The first-stage regression is specified below in Equation Equation 2, where the definitions of variables are the same as in Equation Equation 1:

\[ NewCases_{jt} = \pi_0 + \pi_1 OtherCityNewCases_{jt} + DriverFE + DayFE + CityFE + \varepsilon_{ijt} \tag{2}\]

Run the first stage regression and report the results.

Code
# Run first stage regression: new_cases ~ other_city_new_cases + controls
IV_is_work_1ststage <- feols(
    fml = new_cases ~ other_city_new_cases |
        driver_id + booking_date + city,
    data = data_driver
)

# mutate predicted new_cases in data_driver
data_driver <- data_driver %>%
    mutate(predicted_new_cases = predict(IV_is_work_1ststage))

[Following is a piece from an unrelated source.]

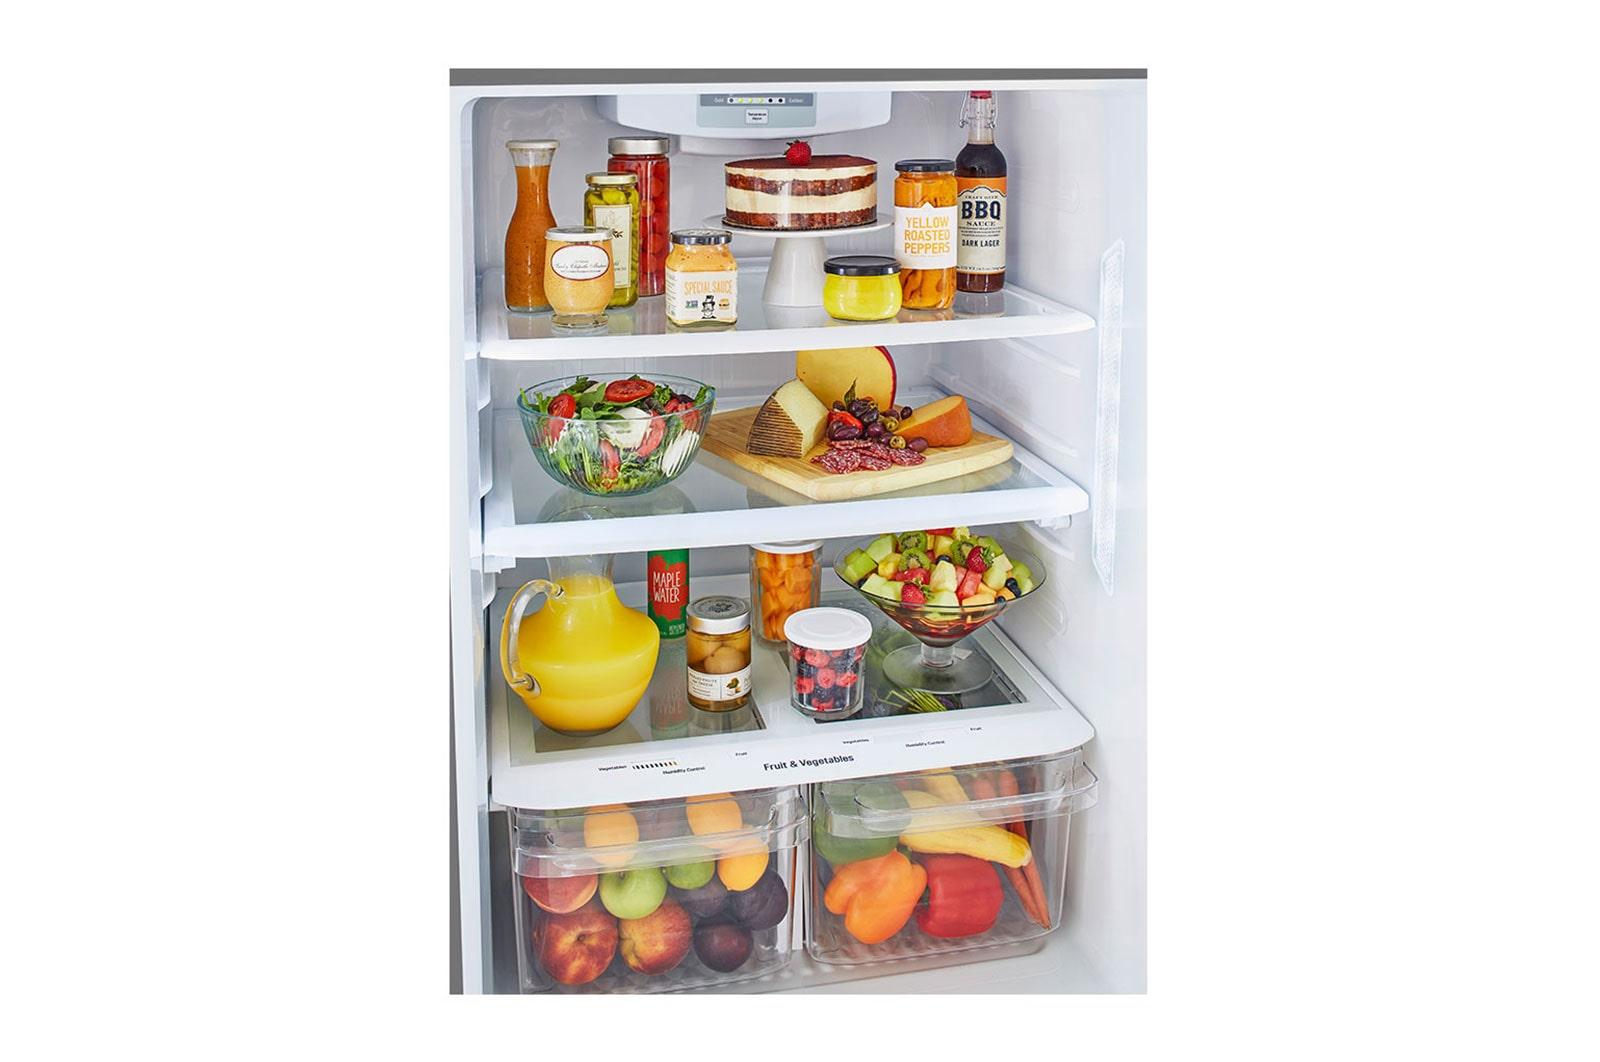 Lg 20 cu. ft. Top Freezer Refrigerator

From the first stage result, we observe that the coefficient of other_city_new_cases is significantly different from zero, indicating that the instrumental variable is relevant. Therefore, we have confirmed that the relevance condition is satisfied.

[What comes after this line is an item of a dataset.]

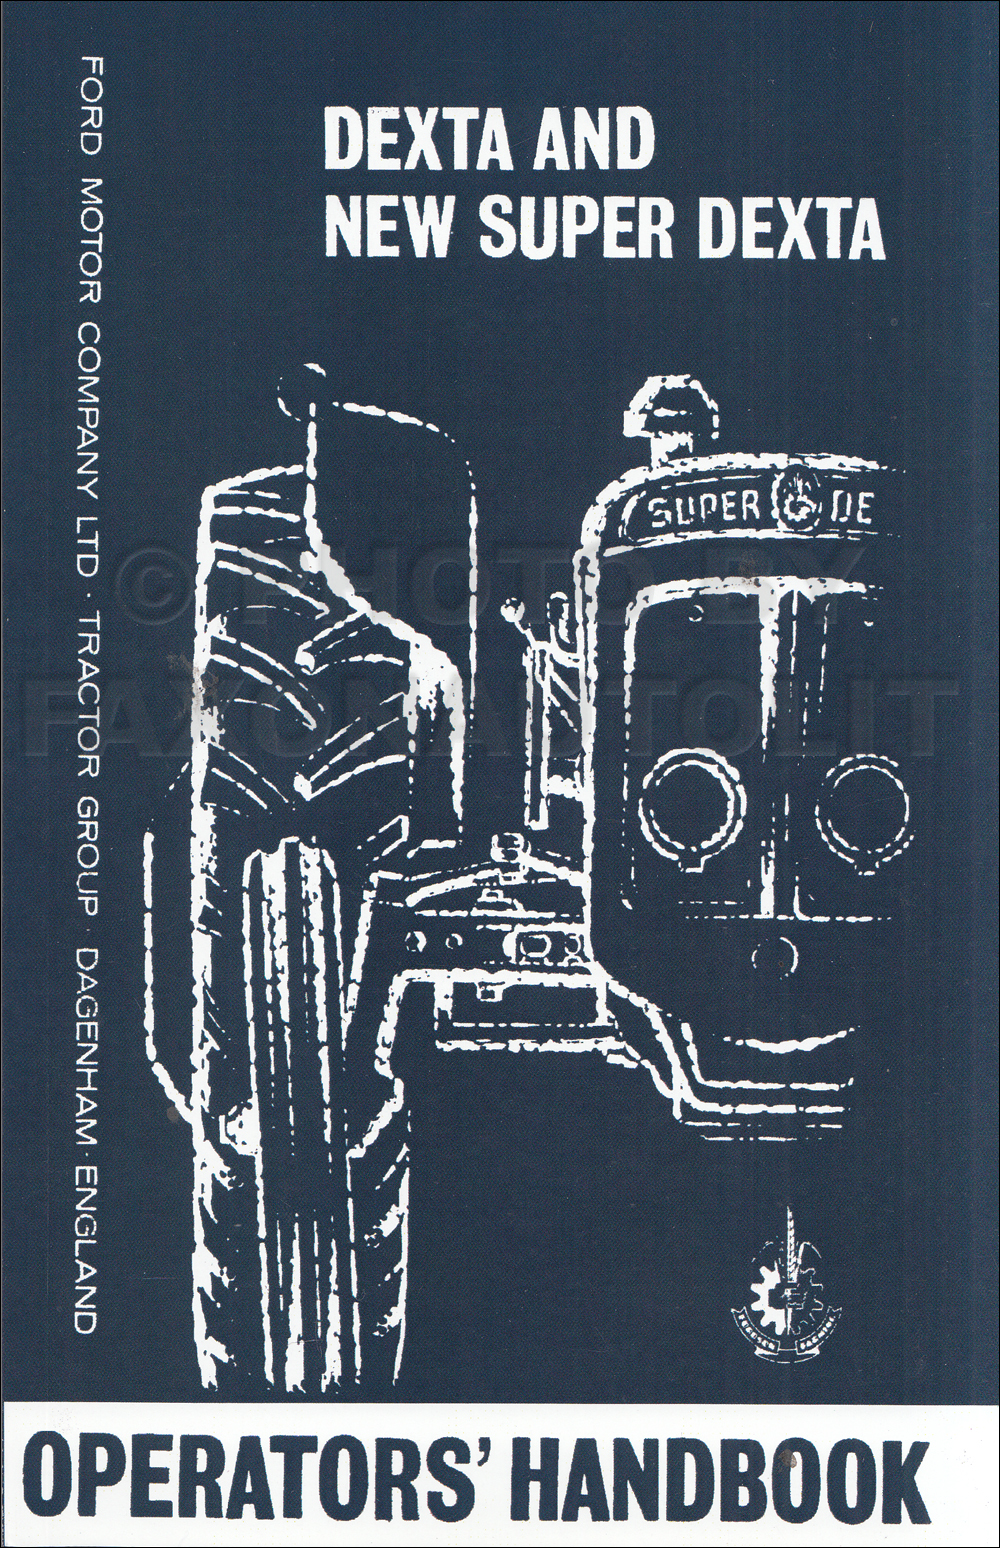 Fordson /"Dexta/" Tractor Workshop Manual Book

In the second stage regression, we regress the outcome variables on the predicted new cases from the 1st stage, controlling for the same set of control variables:

\[ LaborOutcome_{ijt} = \beta_0 + \alpha \hat{NewCases}_{jt} + DriverFE + DayFE + CityFE + \varepsilon_{ijt} \]

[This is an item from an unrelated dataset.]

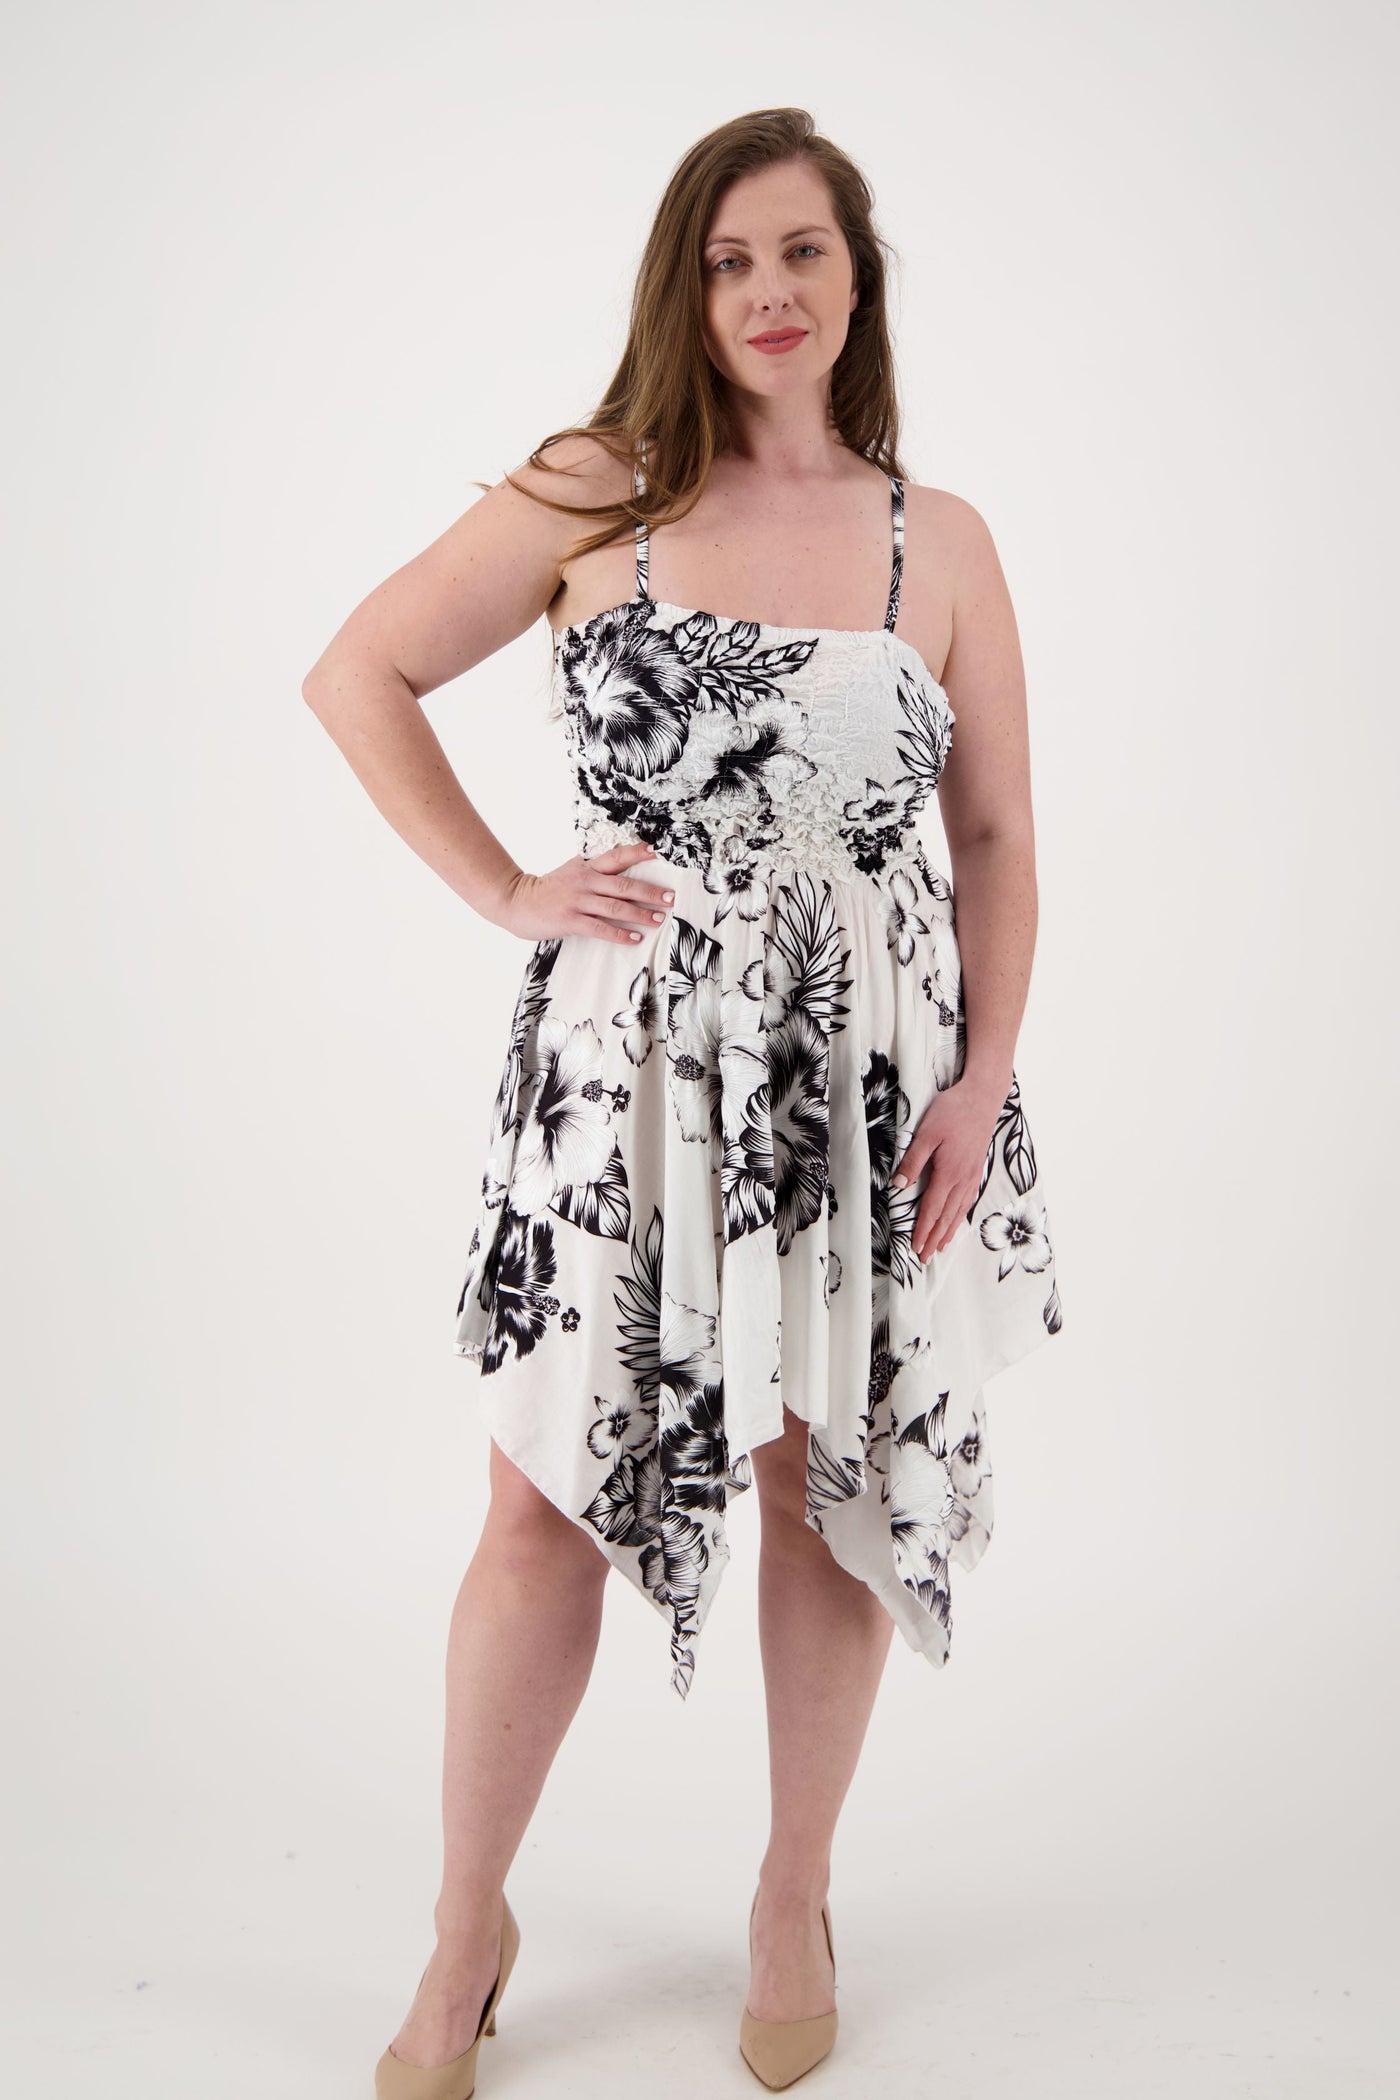 Long Fairytale Bottom Floral Print Beach Dress TH-349 - Advance Apparels Inc

Run the second stage regression and report the results.

Code
# Run second stage regression: is_work ~ predicted_new_cases + controls
IV_is_work_2ndstage <- feols(
    fml = is_work ~ predicted_new_cases |
        driver_id + booking_date + city,
    data = data_driver
)

modelsummary(list(IV_is_work_1ststage, IV_is_work_2ndstage),
    stars = TRUE
)
(1) (2)
+ p < 0.1, * p < 0.05, ** p < 0.01, *** p < 0.001
other_city_new_cases -0.466***
(0.012)
predicted_new_cases 0.000
(0.001)
Num.Obs. 93467 93467
R2 0.491 0.662
R2 Adj. 0.473 0.650
R2 Within 0.225 0.000
R2 Within Adj. 0.225 0.000
AIC 328117.6 -7593.9
BIC 358852.8 23141.3
RMSE 1.35 0.22
Std.Errors by: driver_id by: driver_id
FE: driver_id X X
FE: booking_date X X
FE: city X X
Code
# We can also run the second stage regressions for other dependent variables
IV_income_2ndstage <- feols(
    fml = income ~ predicted_new_cases |
        driver_id + booking_date + city,
    data = data_driver
)

IV_n_order_2ndstage <- feols(
    fml = n_order ~ predicted_new_cases |
        driver_id + booking_date + city,
    data = data_driver
)

IV_avg_distance_2ndstage <- feols(
    fml = avg_distance ~ predicted_new_cases |
        driver_id + booking_date + city,
    data = data_driver
)

list(
    "Work" = IV_is_work_2ndstage,
    "shift income" = IV_income_2ndstage,
    "# orders" = IV_n_order_2ndstage,
    "avg distance" = IV_avg_distance_2ndstage
) %>%
    modelsummary(
        stars = TRUE,
        gof_map = "nobs"
    )
Work shift income # orders avg distance
+ p < 0.1, * p < 0.05, ** p < 0.01, *** p < 0.001
predicted_new_cases 0.000 0.122* 0.019** 0.023
(0.001) (0.052) (0.007) (0.015)
Num.Obs. 93467 93467 93467 93467

The instrumental variable analyses reveal that the causal effect of new cases on shift decisions is not different from zero, suggesting that the number of new cases does not significantly affect drivers’ willingness to work. However, the number of new cases has a significant positve effect on the number of orders and a significant positive effect on shift income, indicating that the number of new cases increases the drivers’ earnings during the sample period.

References

Cramer, Judd, and Alan B. Krueger. 2016. “Disruptive Change in the Taxi Business: The Case of Uber.” American Economic Review 106 (5): 177–82. https://doi.org/10.1257/aer.p20161002.
Ford, Weixing, Jaimie W. Lien, Vladimir V. Mazalov, and Jie Zheng. 2019. “Riding to Wall Street: Determinants of Commute Time Using Citi Bike.” International Journal of Logistics Research and Applications 22 (5): 473–90.
Rysman, Marc. 2009. “The Economics of Two-Sided Markets.” Journal of Economic Perspectives 23 (3): 125–43.